Model specification
•
Detection of face bounding box: The model should accurately detect the bounding box of faces within an image. We don’t require landmarks.
•
Face capture quality score: Similar to Apple's VNDetectFaceCaptureQualityRequest, this metric should provide a holistic assessment of face capture quality. It considers various factors such as scene lighting, blur, occlusion, expression, pose, focus, and more. The score ranges from 0.0 to 1.0 and helps in ranking multiple captures of the same person. The model should penalize captures with low light, bad focus, or negative expressions.
•
Face features fingerprint for face recognition: By utilizing techniques akin to ArcFace, the model should generate a unique fingerprint for each face, facilitating accurate face recognition. We want to detect persons in images.
•
Optional features (if feasible):
◦ Eyes open probability
◦ Smiling probability
Deliverables
•
Model format: The model must be available in one of the following formats: ONNX, PyTorch, or TensorFlow. The choice of format should be made based on considerations of stability and performance.
•
Source code: Complete source code for the model is required to enable transparency, customization, and further development.
•
Accuracy evaluation script: An evaluation script must be provided to assess the accuracy of the model. This script should function similarly to the one available at
https://github.com/biubug6/Pytorch_Retinaface/tree/master/widerface_evaluate .
•
Apple Core ML conversion script: A script is needed to convert the model to Apple Core ML format, ensuring the best possible performance with iOS applications.
•
Kotlin usage sample code: The model will be used in a Kotlin Multiplatform app for JVM, Android & iOS and working sample code should be provided how to use it. This includes the development of necessary translators. See the interface section below.
•
Commercial license: The model must be accompanied by a royalty-free license allowing usage in closed-source end-user commercial applications.
Accuracy & Performance
•
Face detection accuracy: The model must achieve accuracy comparable to RetinaFace or BlazeFace (Google MediaPipe). For reference, PyTorch_Retinaface achieves 95% accuracy on WiderFace-Easy, while BlazeFace attains 98% accuracy. Therefore, the face detection accuracy should not fall below 93% for detecting bounding boxes.
•
Face recognition accuracy: Aiming for face recognition accuracy of at least 95%, which aligns with the high accuracy achieved by ArcFace at 99%.
•
Quality score comparison: The quality score generated by the model will be compared to Apple Vision results. The expected deviation from Apple's predictions should be within +/- 0.1.
•
Model size: The model's size must be optimized to be less than 500 MB, where feasible, to ensure efficient deployment and usage.
•
Inference speed: The processing speed is significantly affected by the dimensions of the input image. Google ML Kit suggests input images with a long side of 480px, a size we've found suitable for PyTorch_RetinaFace thus far. However, we believe larger input sizes are necessary for assessing face capture quality accurately. Excluding byte and model loading times, PyTorch_RetinaFace on the M1 Pro CPU using DeepJavaLibrary without hardware acceleration requires around 500ms for 480x320px photos and 1500ms for 960x640px photos. Expect the updated model to necessitate additional processing time. We anticipate that processing a 960x640px image on JVM without hardware acceleration should fall within the range of 2 to 3 seconds. On the iOS Simulator (M1 Pro CPU), utilizing Apple Vision for detecting bounding boxes and evaluating face quality in 960x640px input images takes around 50ms, thanks to hardware acceleration. For the updated model, a threshold of 100ms is deemed acceptable.

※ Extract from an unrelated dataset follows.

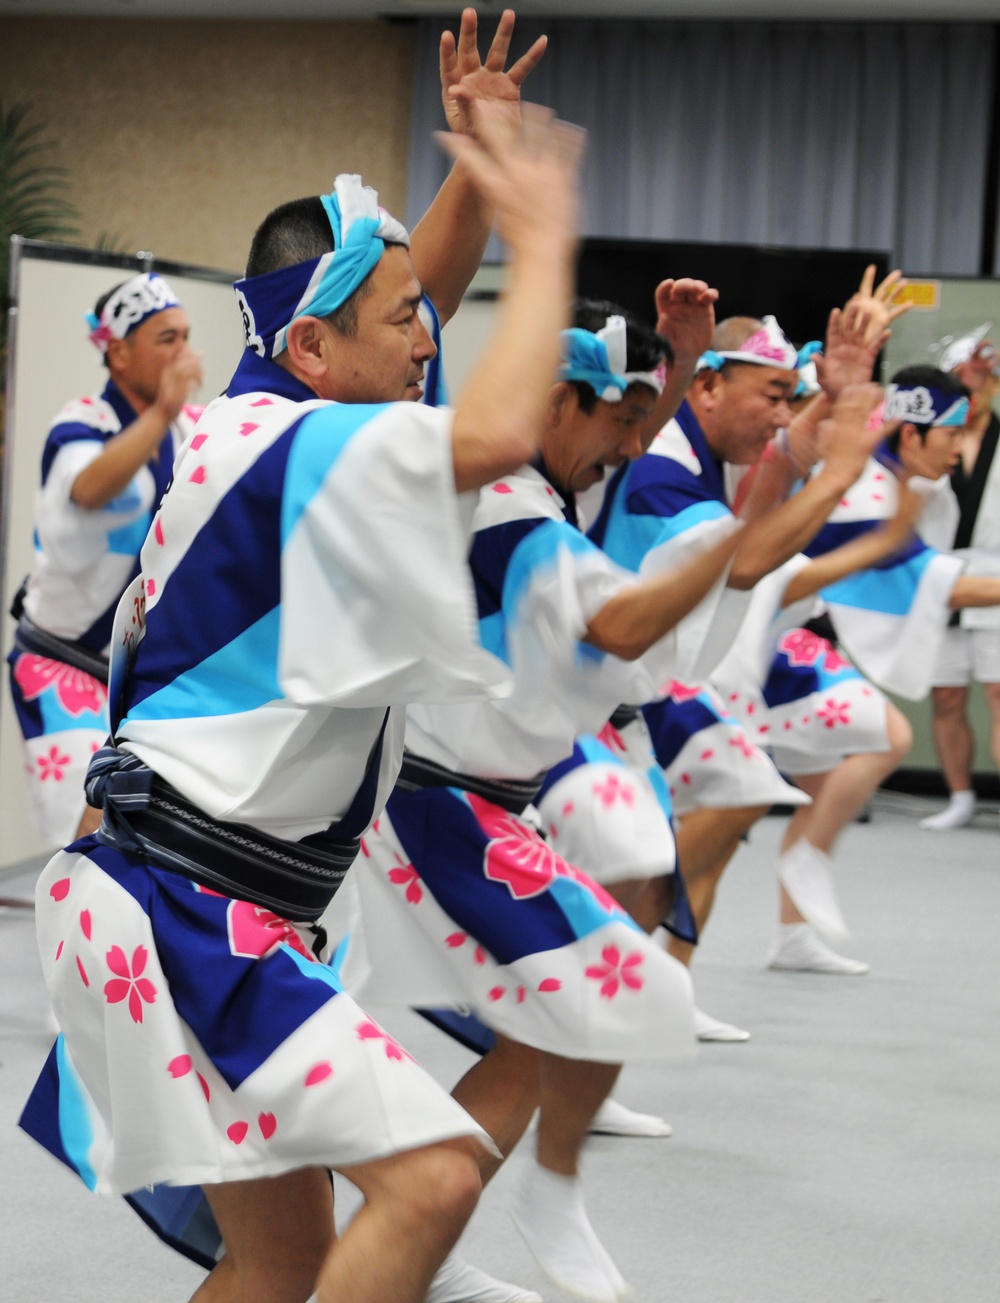 Yama Sakura 61 cultural activities

Platform-specific requirements
•
iOS: Utilize Apple Core ML for optimal performance on iOS devices.
•
JVM: Choose from DeepJavaLibrary, ONNX runtime, or any other framework licensed under Apache 2, MIT, or BSD for deployment on Java Virtual Machines.
•
Android: We welcome suggestions for the most appropriate framework or library that delivers optimal performance on the Android platform. While we are considering options such as the ONNX runtime or PyTorch Mobile, it's important to note that we found DeepJavaLibrary not suitable for our needs.
Interfaces
An implementation of the following interface for each platform is required:
interface FaceDetector {
fun detectFaces(jpegBytes: ByteArray): Set<DetectedFace>
}
With the following classes:
data class DetectedFace(
/** Relative bounds of the face in the picture. */
val boundingBox: BoundingBox,
/** Result of the face feature computation to detect the same person. */
val features: FloatArray?,
/** Capture quality metric (blur, sharpness, etc.). */
val quality: Double?,
// optional
val eyesOpenProbability: Double?,
// optional
val smilingProbability: Double?
)
data class BoundingBox(
val posX: Double,
val posY: Double,
val width: Double,
val height: Double
)
Additionally, code is required to determine whether two faces belong to the same person based on their respective facial features.
Open questions
We read that OpenVINO has something for Java in place and could help to accelerate the speed on Intel CPUs. We would like to have assistance in this matter.